The Dart was inspired by the one that Mopar Mag built for the One Lap of America , keep in mind that Dart out and out *won* at several different road courses , this one I scrounged every heavy duty Police app part I could find , solid bushings from the Roundy rounder boys and KYBs with springs from Roush...........car gets a lot of laughs in the pits at a trackday , then when it gets on the track the laughing stops when they can't shake The Box with their MegaBucks. 2:05s at T-Hill while tuning the stereo and drinking a cup of coffee , 2:02s will net you quite some entertainment and some absolutely lurid 4 wheel drifts.

On the street , well nobody expects to hear that blowoff valve with what looks like Grandma's car. And since it's basically a toy I'll keep stacking boost on it until I lift a head.

The sale of those two should net enough to start the build on an Ariel Atom........


----------



## Newgunguy (Jun 26, 2012)

Mine was video games, model trains and Lego. Now I'm in the process of selling my entire game collection and will be getting rid of the Lego stuff that's not city or train related. Of course now into firearms, what a hobby transition huh!


----------



## Jazzman (Jun 8, 2012)

Kind of an adrenaline junkie , besides cars and bikes......one of my other passions.


----------



## mwhartman (Jun 26, 2012)

I use to like running and lifting but because to an injury from a MVA I'm not able.

Other things I enjoy:

Hacking my iPhone, iPad.
Working on other forums
Shooting

I'm a Gideon and I love handing our God's Word and speaking in churches about the Gideon ministry.


----------



## benjaminblake (Jul 16, 2012)

I love websurfing, swimming, jogging and reading.


----------



## Lezyne (Jul 16, 2012)

I'm a chef and I use to be a writer - I self published books for a few years but then I decided well - I should start eating properly because I am always starving and doing art. Now I am into camping, the outdoors and God.


----------



## Zamial (Jul 25, 2012)

*Why do I think this is a trap???*

I have some interesting past times/hobbies.

I like the standard : Hunt/Fish/Camp
I like the strange: Dagorhir because golf is for sissys. 
I like the extreme: Homebrewing beer and wine.
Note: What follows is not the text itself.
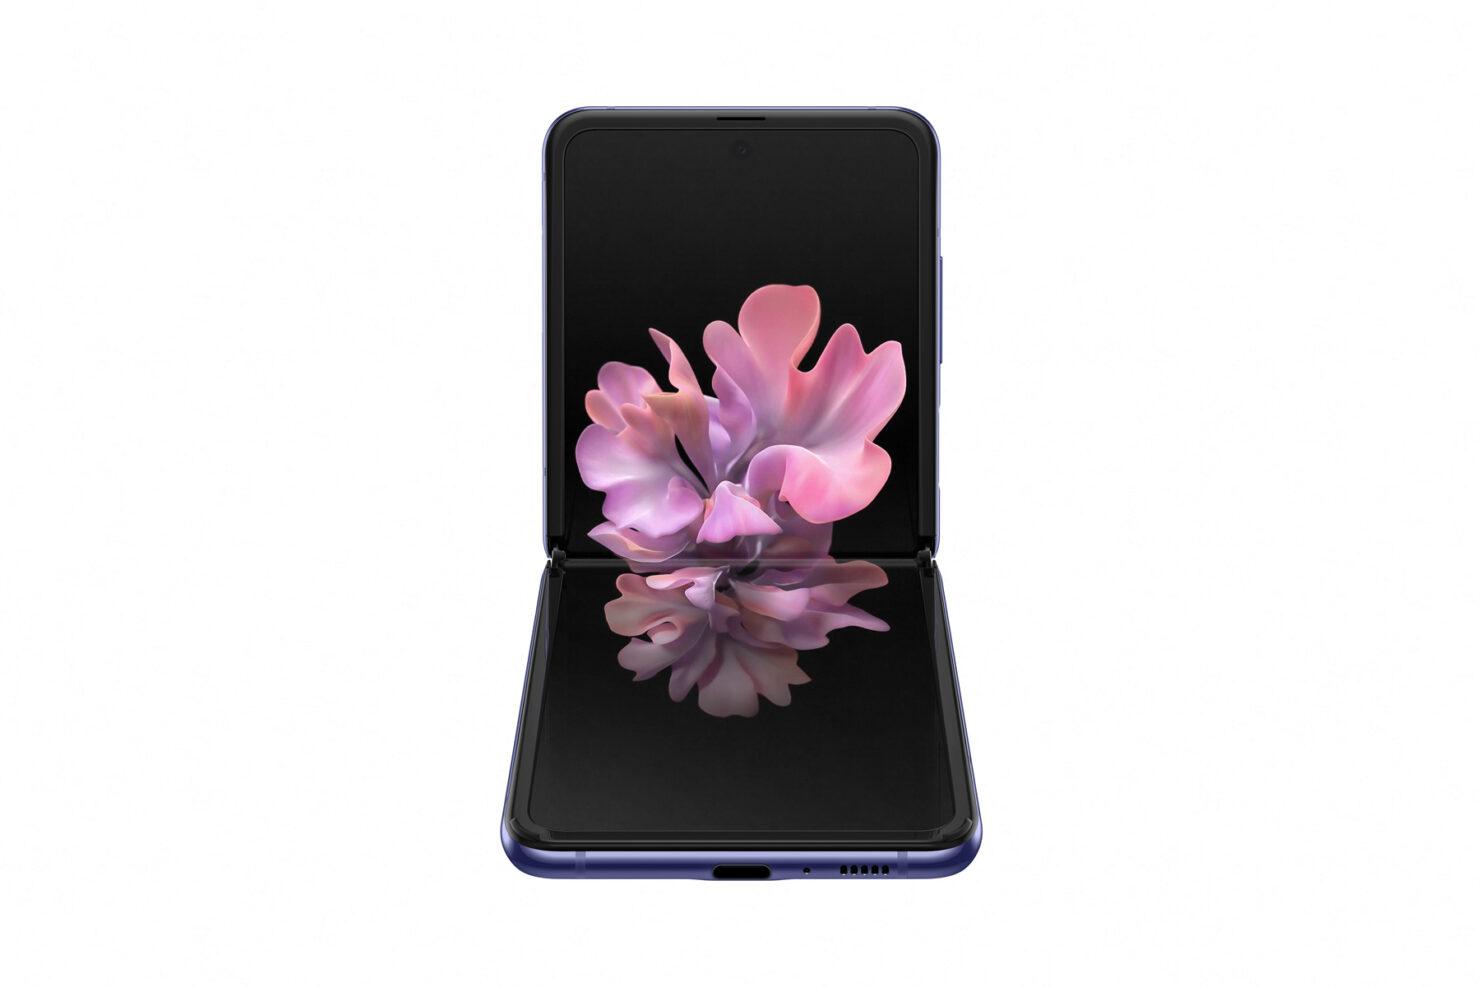 003_galaxyzflip_mirror_purple_front_table_top
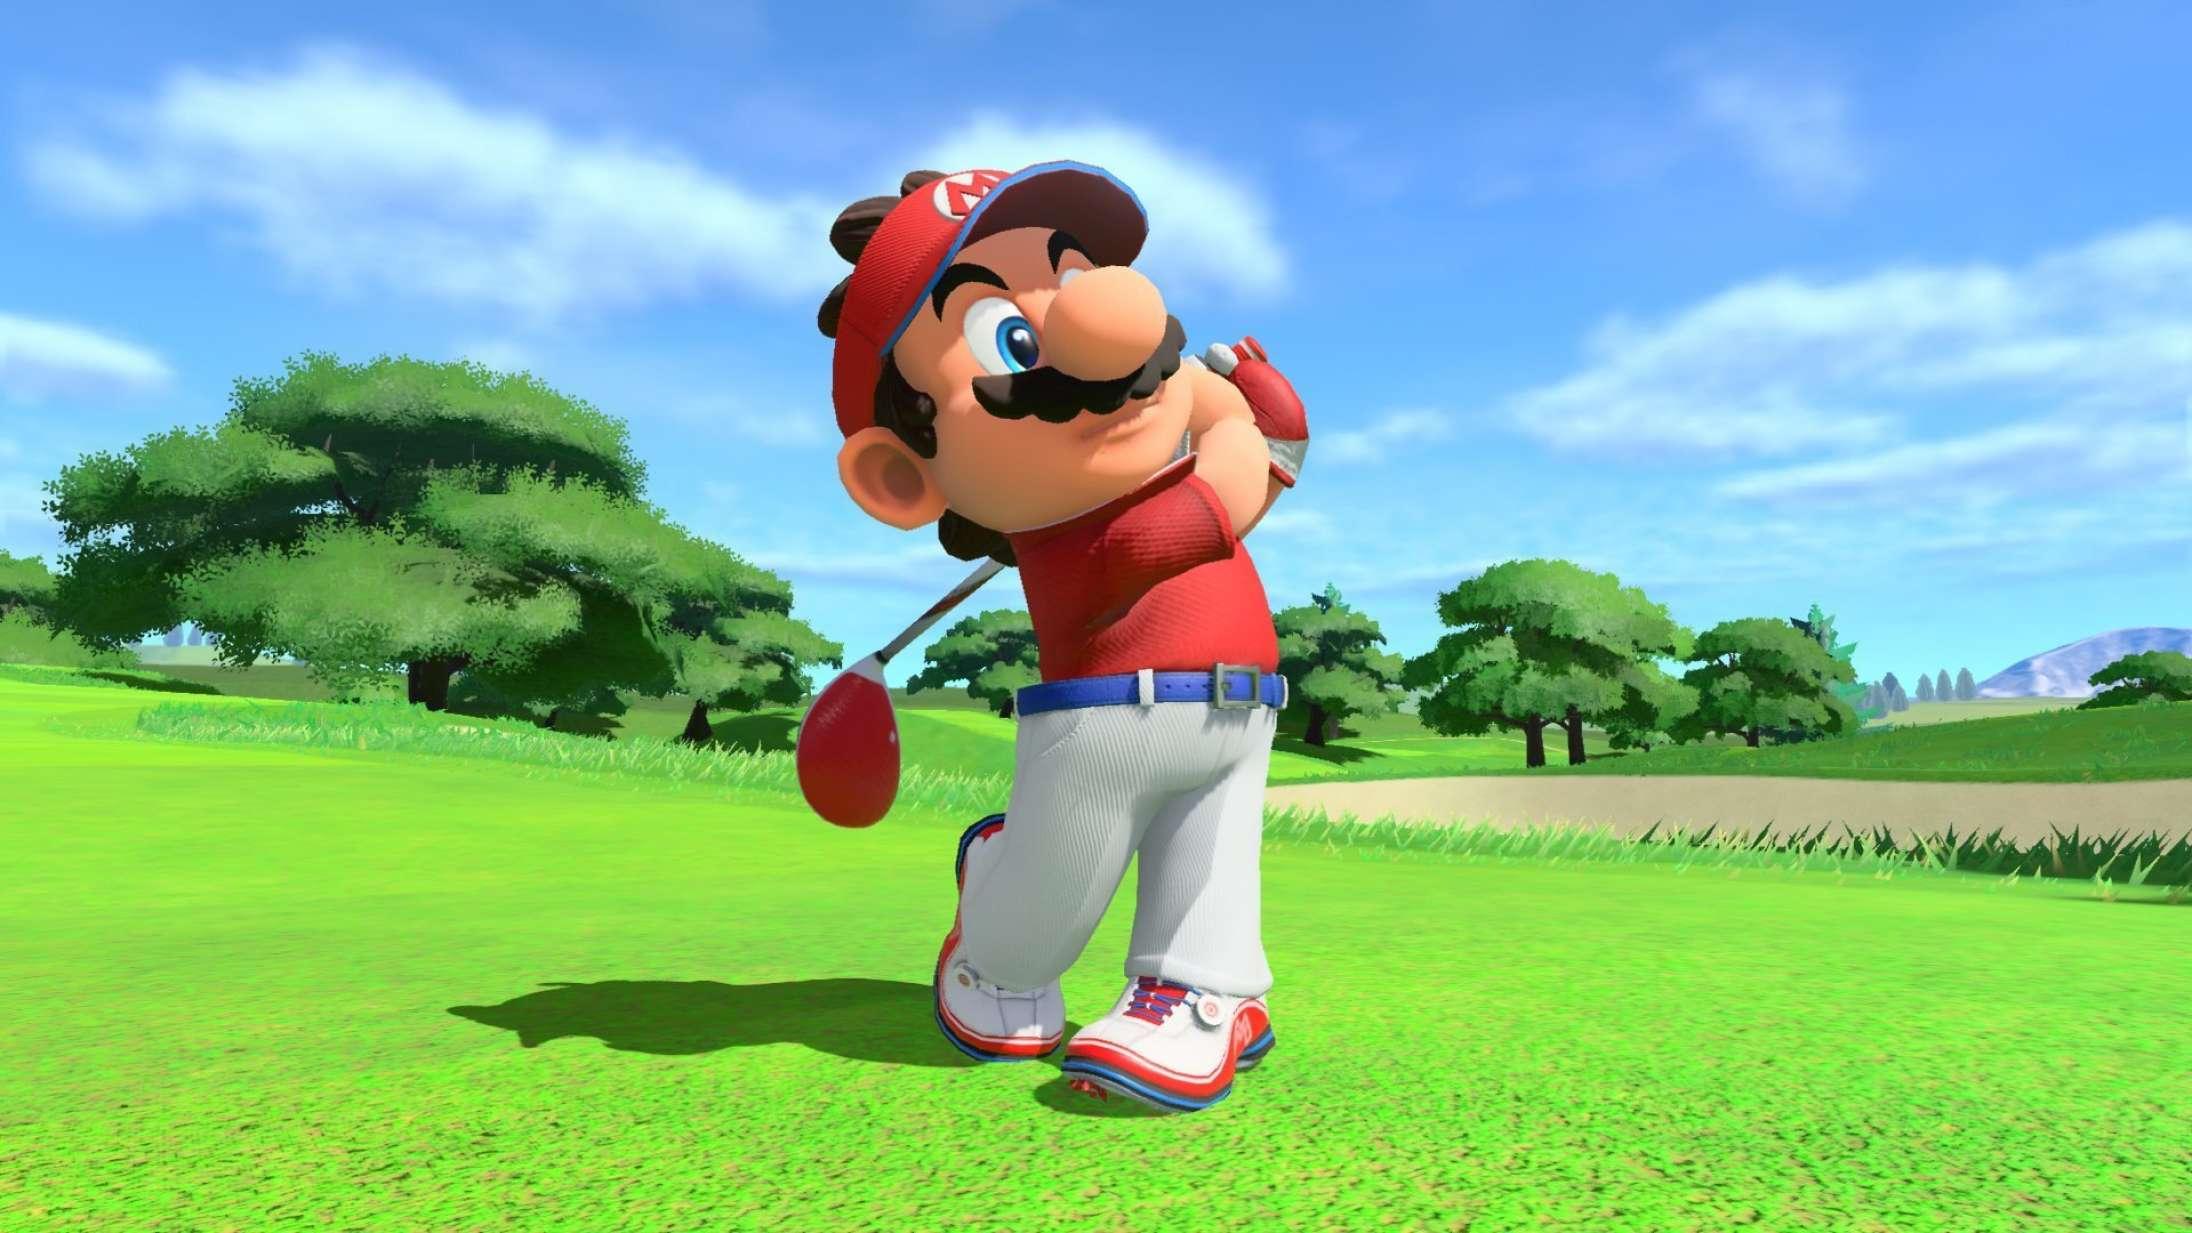 Nintendo scorer flere bogeys end birdies med 'Mario Golf: Super Rush'

Yes I make my own and yes it is awesome.
I watch NO television at all. I do watch movies and surf the net.


----------



## David Davidson (Jul 20, 2012)

I'm a big History and Politics buff. I'm a bit of a poet and writer too.


----------



## Watercanlady (Jul 23, 2012)

I have several hobbies also
Quilting
Sewing
Canning
Camping
Traveling
Boating. Don't get out much though
Baking
Cooking
Shooting


----------



## Lucky Jim (Sep 2, 2012)

I've been wargaming for over 30 years with boardgames and PC games at the tactical/operational and strategic level and manage to win more than I lose so I can't complain..
Tactical gaming is especially useful for SHTF survival training, my favourite is the Armed Assault series, you can either take on the computer-controlled enemies or hook up online with the most dangerous enemies of all:- humans ..
Any other wargamers here?
_"There is no hunting like the hunting of man, and those who have hunted armed men long enough and liked it, never care for anything else thereafter" - Ernest Hemingway_

Some of my Armed Assault combat stills-

_It's kickass time.._









_"Night.."When the good things of day begin to droop and drowse"- Macbeth_









_"You're gonna be alright Bubba".._









_"Boiled shrimp..baked shrimp..shrimp creole..peppered shrimp..shrimp soup..shrimp salad.."_


----------



## shotlady (Aug 30, 2012)

My kids, visiting with them 20 & 21yrs old- usually involves range or combat firearms courses
firearms- i love hand guns and accesories love range time
horses i dont have one at this time
adventure weekend roadtrips, hot air balloning. dog mushing, ziplining,motorcycles,easy hikes,shooting in the desert ect....


----------



## rice paddy daddy (Jul 17, 2012)

Military history in general, WWII in particular.
I am also a certified gun nut.
In the past I enjoyed wood working, but for the last 15 or so years farm life has gotten in the way. Only two more years until I retire from my "real job" in the city and hopefully I can break out the tools once again.


----------



## Lucky Jim (Sep 2, 2012)

rice paddy daddy said:


> Military history in general, WWII in particular..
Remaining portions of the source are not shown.